To integrate growth with the electromechanics model, we adopted a similar approach to separate the time scale as described in Lee et al.8. Specifically, since appreciable G&R can only be observed after large number of heartbeats, the growth tensor Fg was treated as a constant that is independent of time in the electromechanics model and updated after each cardiac cycle. Approximate solutions of the weak formulation for the G&R problem were obtained using the FE method where we seek to find u H1(Ω), p L2(Ω), such that the below equation

$$\begin{array}{rcl}\delta { {\mathcal L} }_{G} & = & {\int }_{\Omega }({\boldsymbol{FS}}-J{{\boldsymbol{F}}}^{-T}):grad\,\delta {\boldsymbol{u}}\,dV-{\int }_{\Omega }\delta p(J-1)dV\\ & & -{\int }_{\partial {\Omega }_{epi}}{k}_{spring1}{\boldsymbol{u}}.\delta {\boldsymbol{u}}dS=0,\end{array}$$
(18)

is satisfied for all test functions for all δu H1(Ω) and δp L2(Ω). The above equation describing the long-term evolution differs from the Eq. (17) describing short-term evolution in the following ways: there is no active stress in the long-term model; and the short-term model was solved for cavity pressures with prescribed volumes while the long-term model is solved for cavity volumes at prescribed (zero) cavity pressures. We used a Galerkin FE discretization with piecewise quadratic FE for the spatial approximation of displacements u(X). We used discontinuous Galerkin elements to approximate the growth parameters θis. The algorithm used to update the geometry (long-term problem) is described follows:

  • Obtain maximum elastic stretch λf by solving the short time-scale problem over a cardiac cycle using Eq. (17)
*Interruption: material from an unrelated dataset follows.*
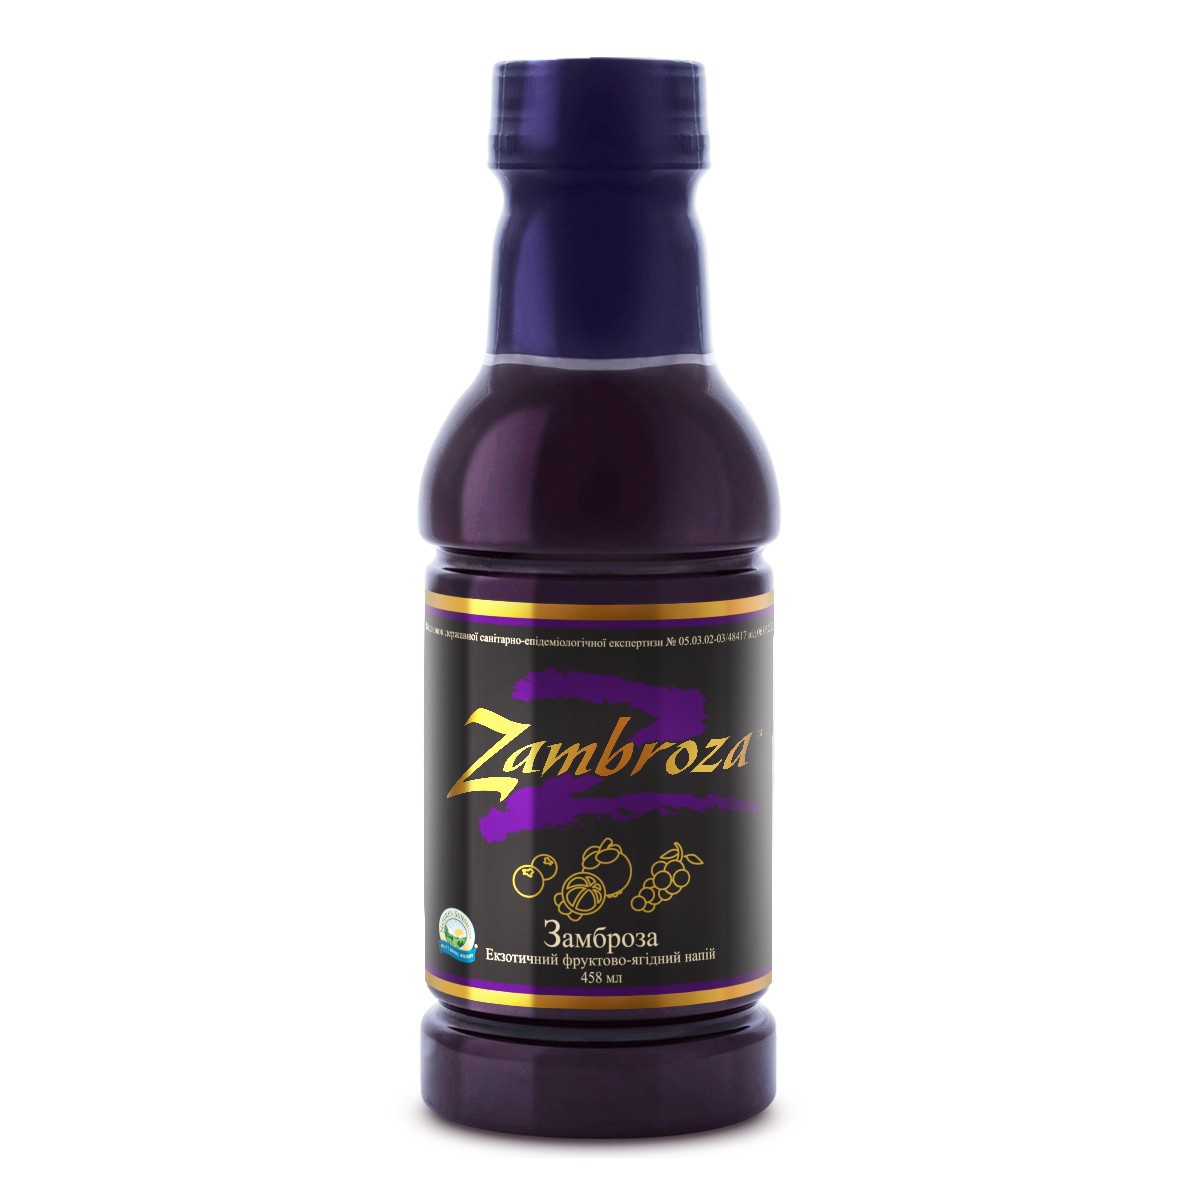 Zambroza* - Замброза* - БАД Nature's Sunshine Products (NSP)

  • Initialize \({\theta }_{i}^{1}s\) from the latest geometry

  • Use λf,h from baseline model to estimate (λfλf,h)

  • For j = 1 to ngrowthSteps

    • Explicitly update growth parameters: \({\theta }_{i}^{j+1}={\theta }_{i}^{j}+{k}_{i}({\theta }_{i}^{j},\,{\lambda }_{f})({\lambda }_{f}-{\lambda }_{f,h})\)
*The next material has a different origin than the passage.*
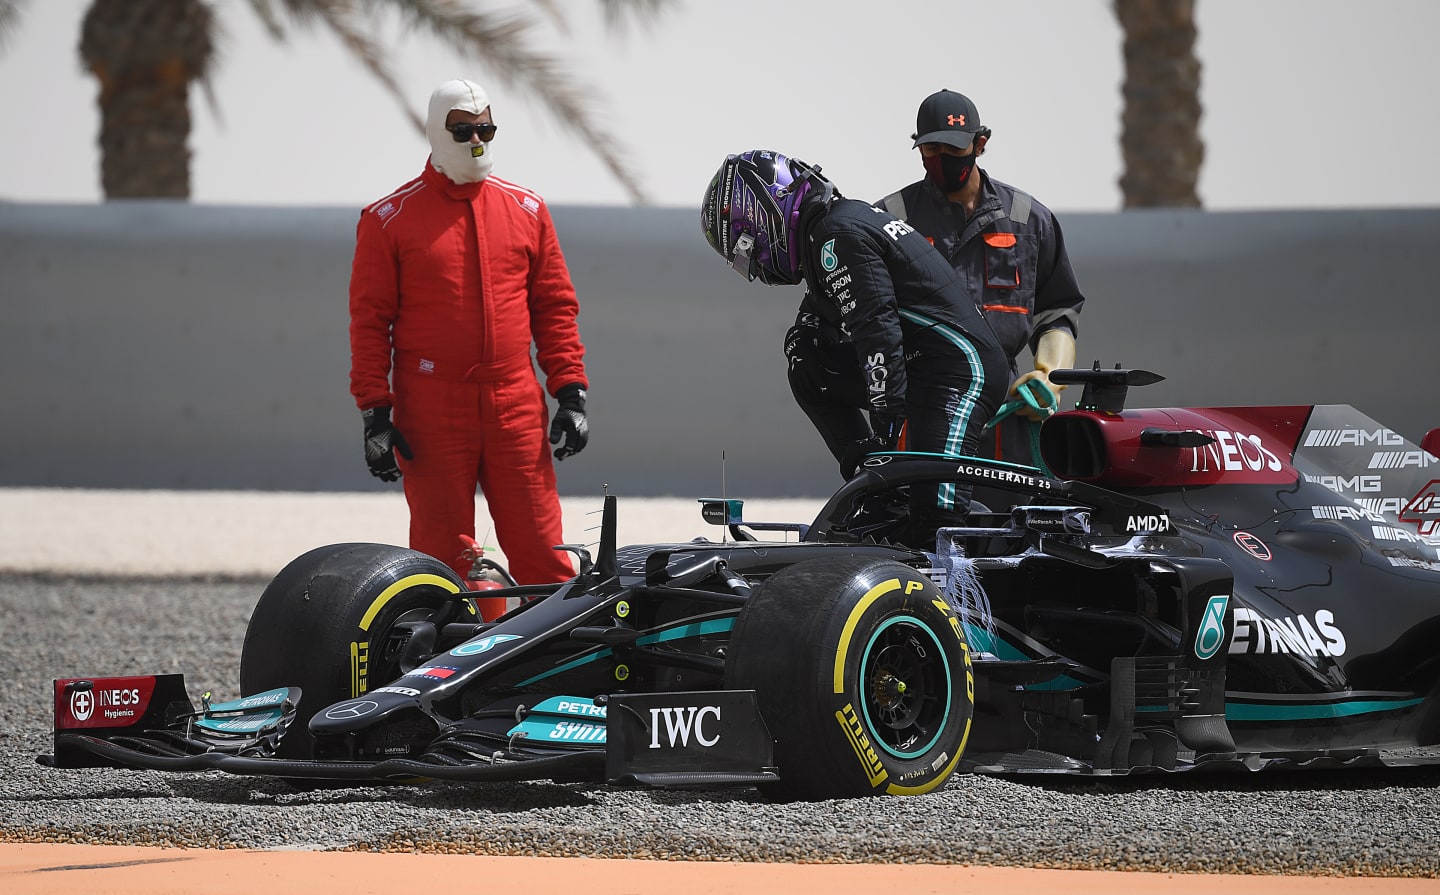 BAHRAIN, BAHRAIN - MARCH 13: Lewis Hamilton of Great Britain driving the (44) Mercedes AMG Petronas

    • Update Fg using \({\theta }_{i}^{j+1}\)

    • Solve for new geometry using Eq. (18).

Similar to our previous approach8, residual stresses induced by the incompatible growth tensor were removed after each growth cycle. As a consequence of this F = Fe in Eq. (17a).

Simulation cases

Two cases differing in terms of the prescribed activation initiation location were simulated. These cases are, namely,

  • Normal: activation was initiated at the septum near the base,

  • Pacing: activation was initiated at the LVFW near the base.
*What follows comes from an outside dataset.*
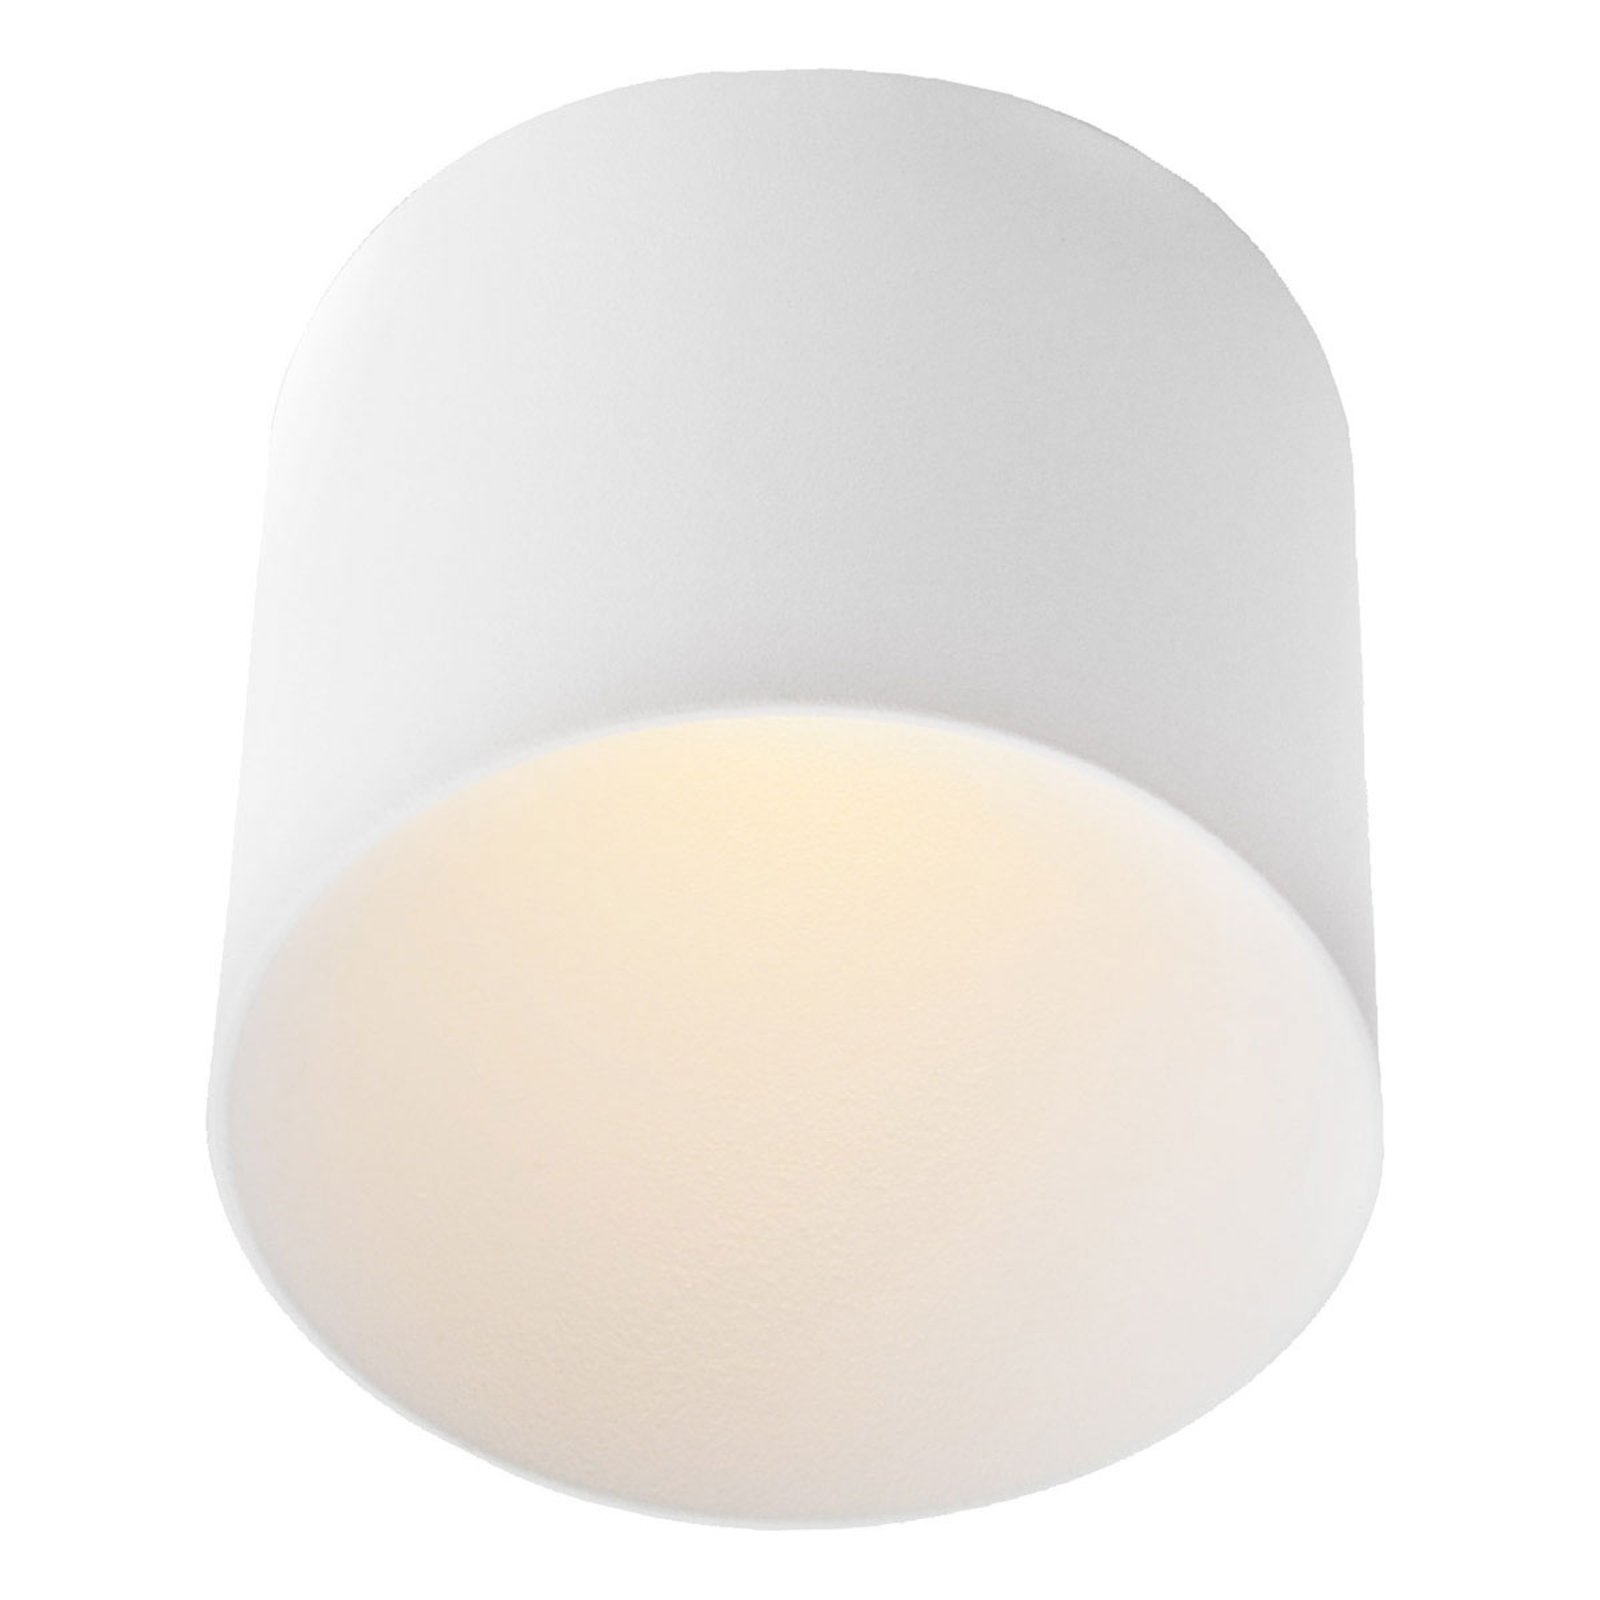 GF design Tubo lámpara empotrada IP54 blanca

A schematic of the simulation timeline and pacing location is shown in Fig. 5. The homeostatic set point for the maximum elastic myofiber stretch si,h = λf,h in the growth constitutive model in Eq. (3) was prescribed using the local values obtained from the “Normal” case with septal activation. Deviations of the maximum elastic fiber stretch in the “Pacing” case from the homeostatic values were used as growth stimuli.

Calibration of G&R simulations

Growth parameters used in the simulations are shown in Table 2. All other model parameters are given in the Appendix. Based on Eqs (3) and (4), half-life is given by

$${t}_{\frac{1}{2},j}={\tau }_{j}\,\mathrm{ln}\,(2)\frac{{\theta }_{max}-{\theta }_{min}}{{\lambda }_{f}-{\lambda }_{f,h}},$$
(19)

with subscript j = g,rg and γg,i = γrg,i = 1.0. Using a deviation of λfλf,h = ±0.06, τg and τrg were initialized with a half-life of 170 days for θs and θn. Given the exponential decay, this will produce an increase in θs and θn by 53% in 6 months. The net change in thickness also depends on the material properties of the body prescribed during growth deformations8 and hence, the simulated changes in wall thickness were expected to be lesser. Forward growth rates for θf and reverse growth rates for θs and θn were adjusted together to match LV dilation and early activated region thinning, respectively. The sensitivity of growth rates to λfλf,h = ±0.06 is shown in Fig. 6. In six months, a change in λfλf,h from 0.06 to 0.08 would result in corresponding changes in θs and θn from 53% to 63%.

Table 2 Model parameters.
Figure 6
figure 6

Effect of varying G&R parameters. Changes in Left: τg from 40.0 to 1.0 for λf − λf,h = 0.06; Middle: τg from 40.0 to 1.0 for λf − λf,h = −0.06; Right: λf − λf,h from 0.01 to 0.1 for τg = 9.6. Red: Parameter values in Table 2.